» WORK ITEM
Output every line below as it stands, dropping only the images.

» MATERIAL PROVIDED
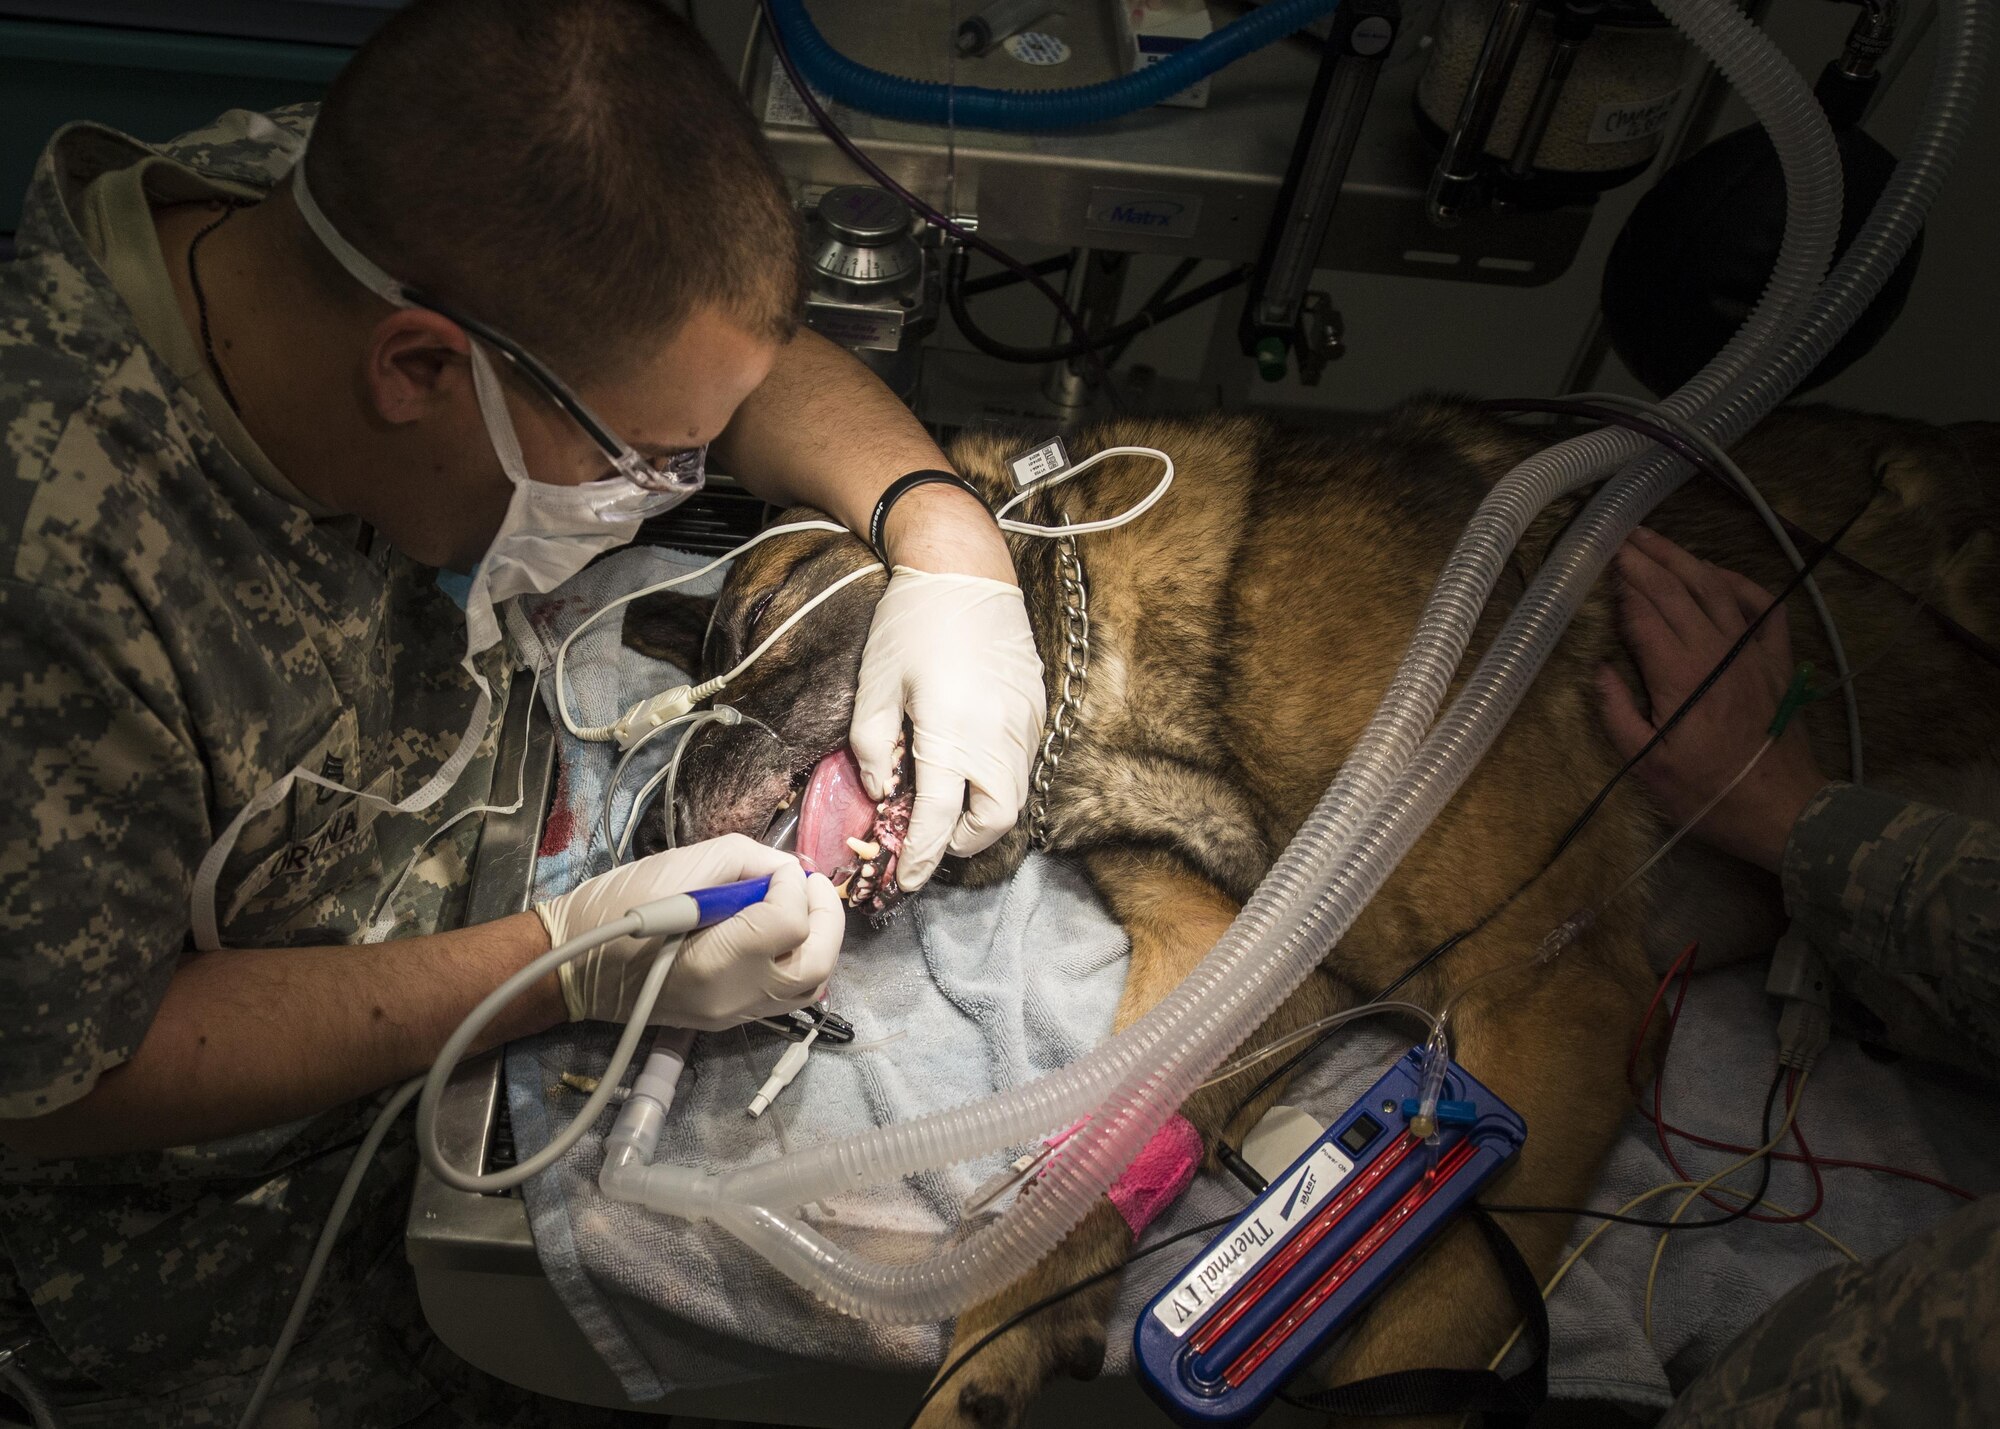 Dylan, a military working dog with the 49th Security Forces Squadron, gets a routine dental cleaning at the veterinary clinic at Holloman Air Force Base, N.M. Dec. 13, 2016. Holloman’s MWDs receive routine dental and medical checkups. A veterinarian is on station 24/7 to assure the health of the dogs. (U.S. Air Force photo by Airman 1st Class Alexis P. Docherty)
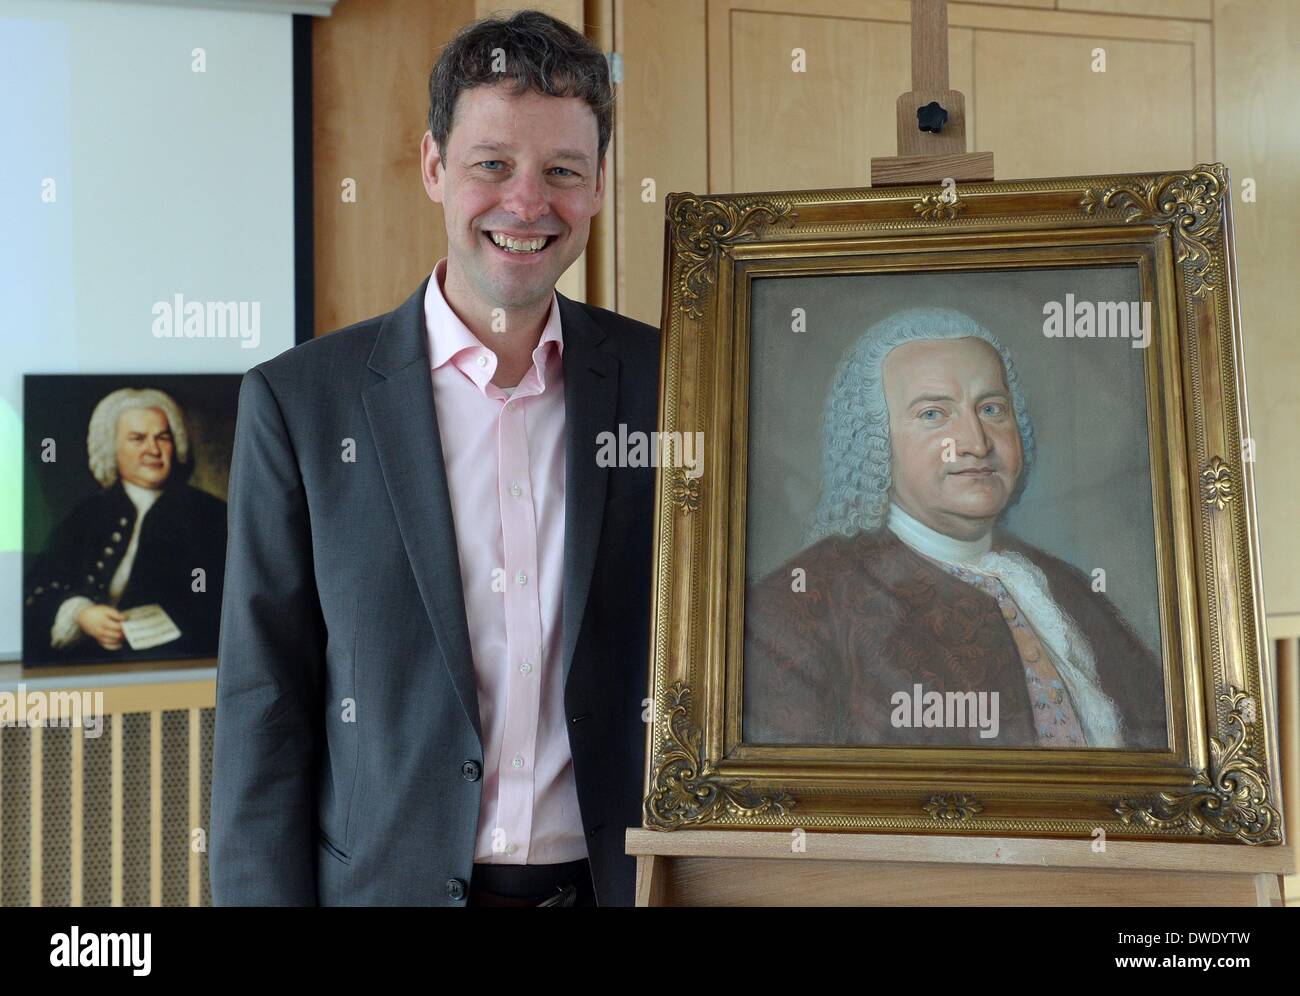 Berlin, Germany. 06th Mar, 2014. Joerg Hansen, Director of the Bachhaus Eisenach, stands next to a likely authentic portrait of Johann Sebastian Bach in Berlin, Germany, 06 March 2014. The Bachhaus Eisenach acquired the pastel picture as it is thought to be the lost Bach portrait from the collection of his son Carl Philipp Emanuel in the background is a print of the Bach portrait by painter Elias Gottlob Haumann. Photo: Britta Pedersen/dpa/Alamy Live News Stock Photo
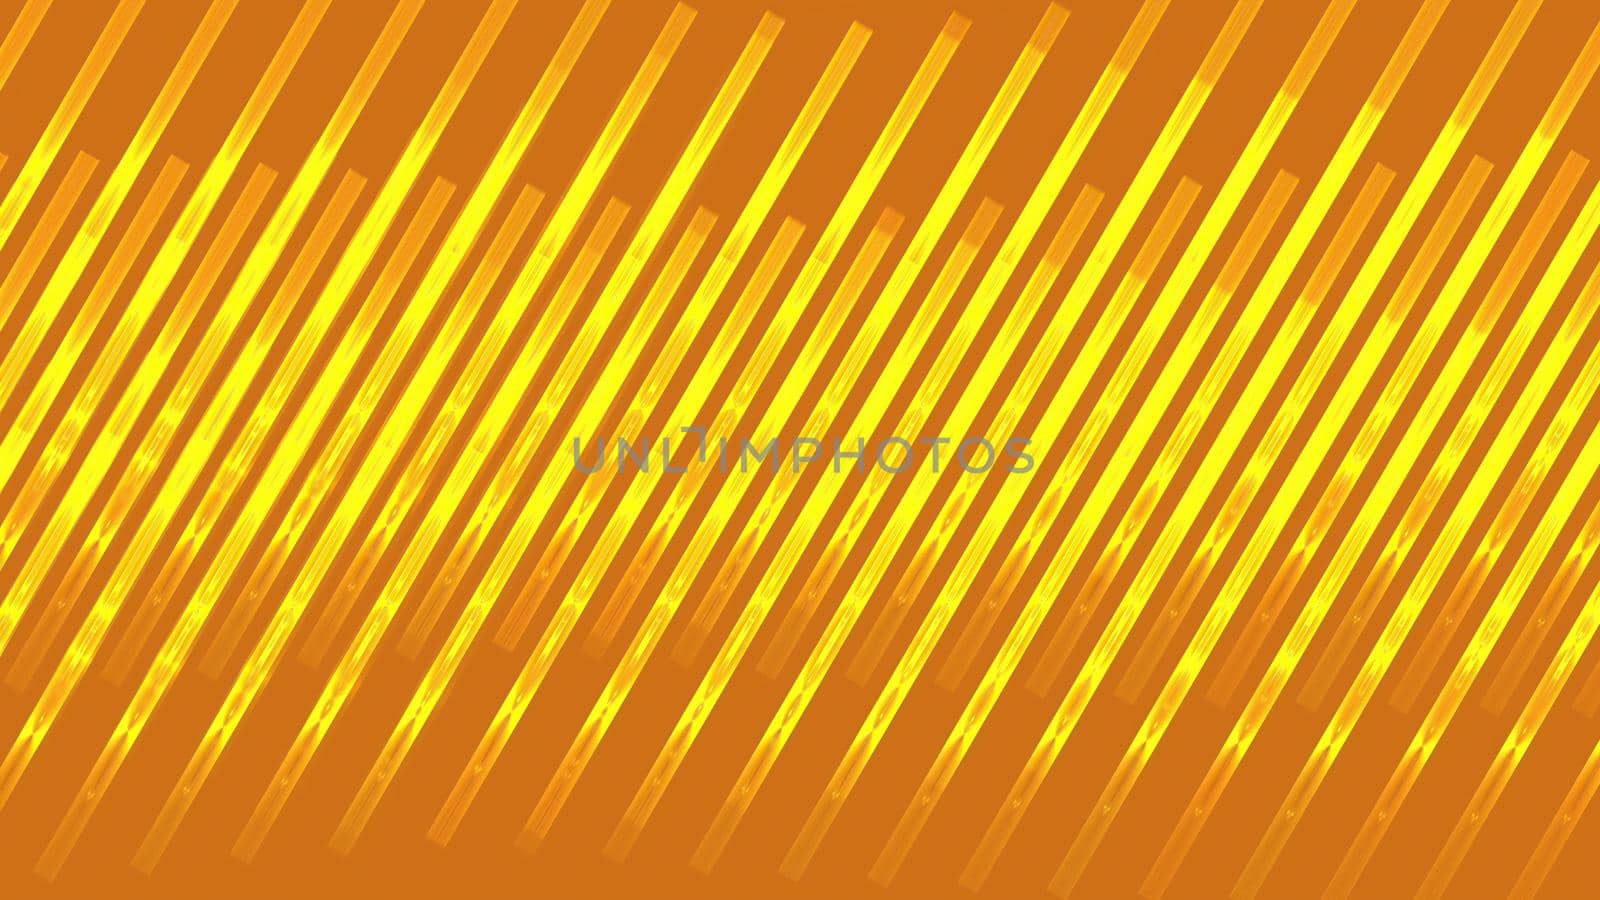 3d illustration - Unique Design of Abstract Colorful  striped surface
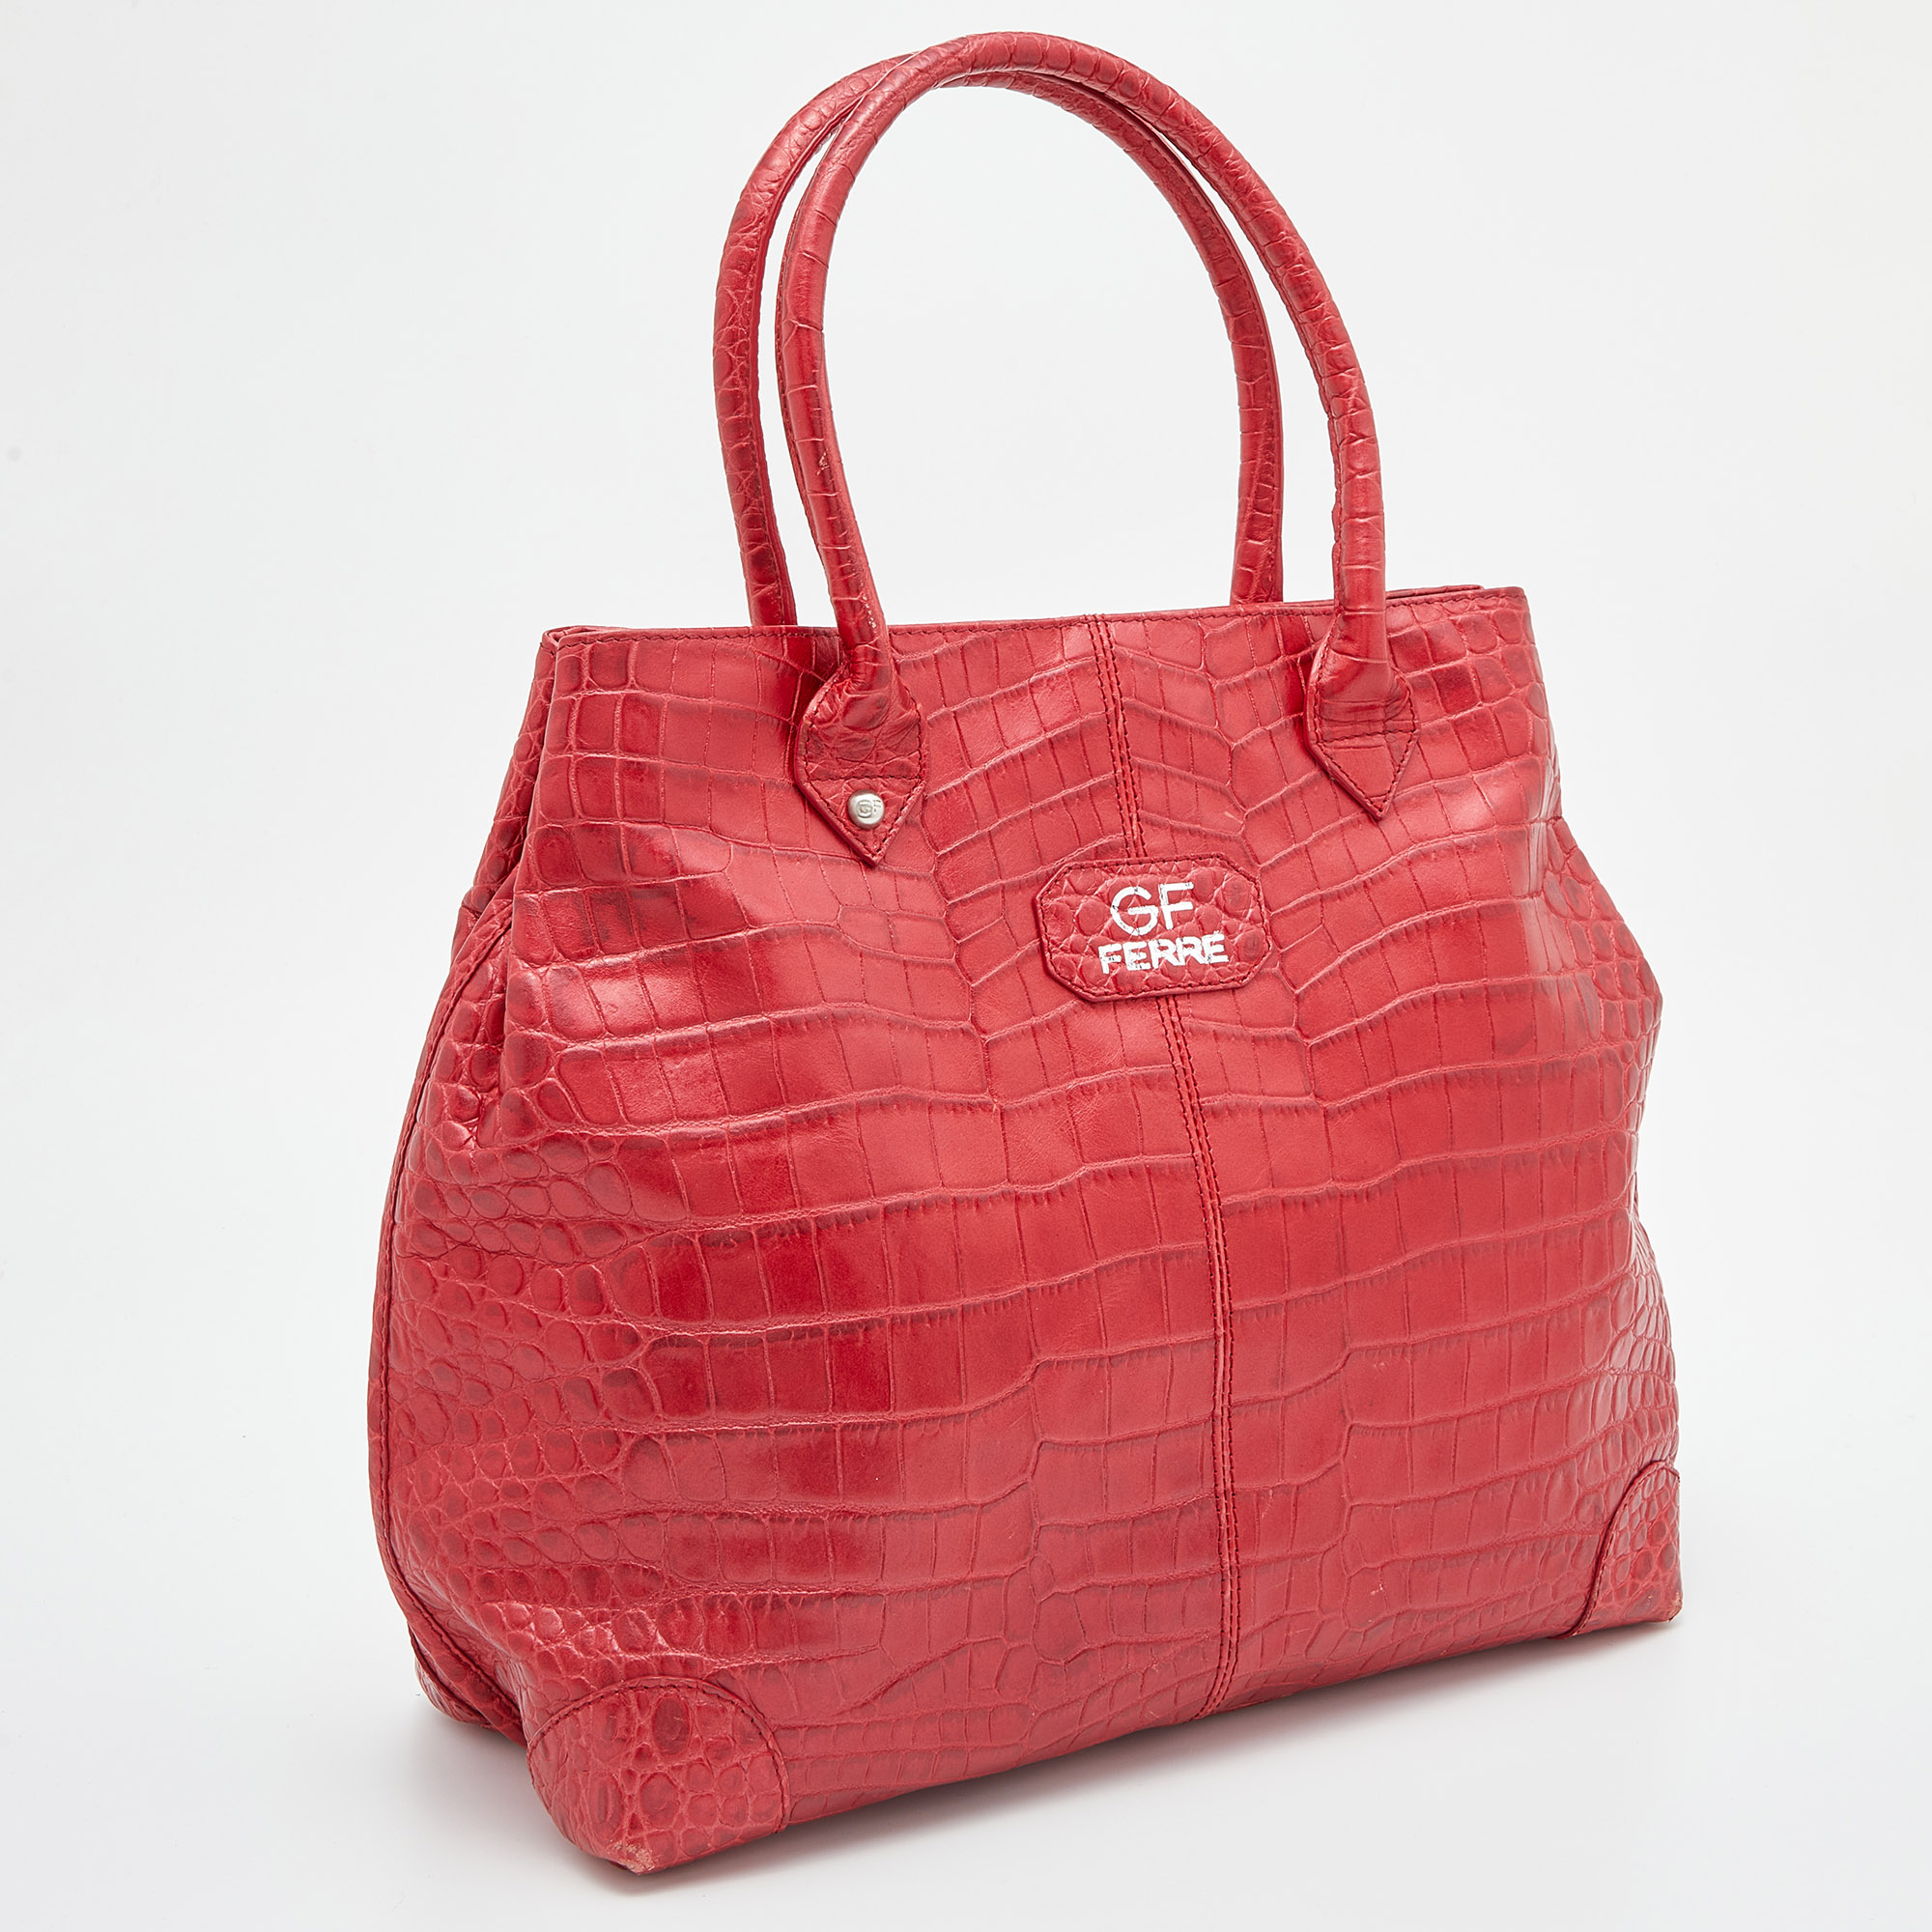 Gianfranco Ferre Red Croc Embossed Leather Tote

» TASK ANSWER
 Dylan, a military working dog with the 49th Security Forces Squadron, gets a routine dental cleaning at the veterinary clinic at Holloman Air Force Base, N.M. Dec. 13, 2016. Holloman’s MWDs receive routine dental and medical checkups. A veterinarian is on station 24/7 to assure the health of the dogs. (U.S. Air Force photo by Airman 1st Class Alexis P. Docherty)
 Berlin, Germany. 06th Mar, 2014. Joerg Hansen, Director of the Bachhaus Eisenach, stands next to a likely authentic portrait of Johann Sebastian Bach in Berlin, Germany, 06 March 2014. The Bachhaus Eisenach acquired the pastel picture as it is thought to be the lost Bach portrait from the collection of his son Carl Philipp Emanuel in the background is a print of the Bach portrait by painter Elias Gottlob Haumann. Photo: Britta Pedersen/dpa/Alamy Live News Stock Photo
 3d illustration - Unique Design of Abstract Colorful  striped surface
 Gianfranco Ferre Red Croc Embossed Leather Tote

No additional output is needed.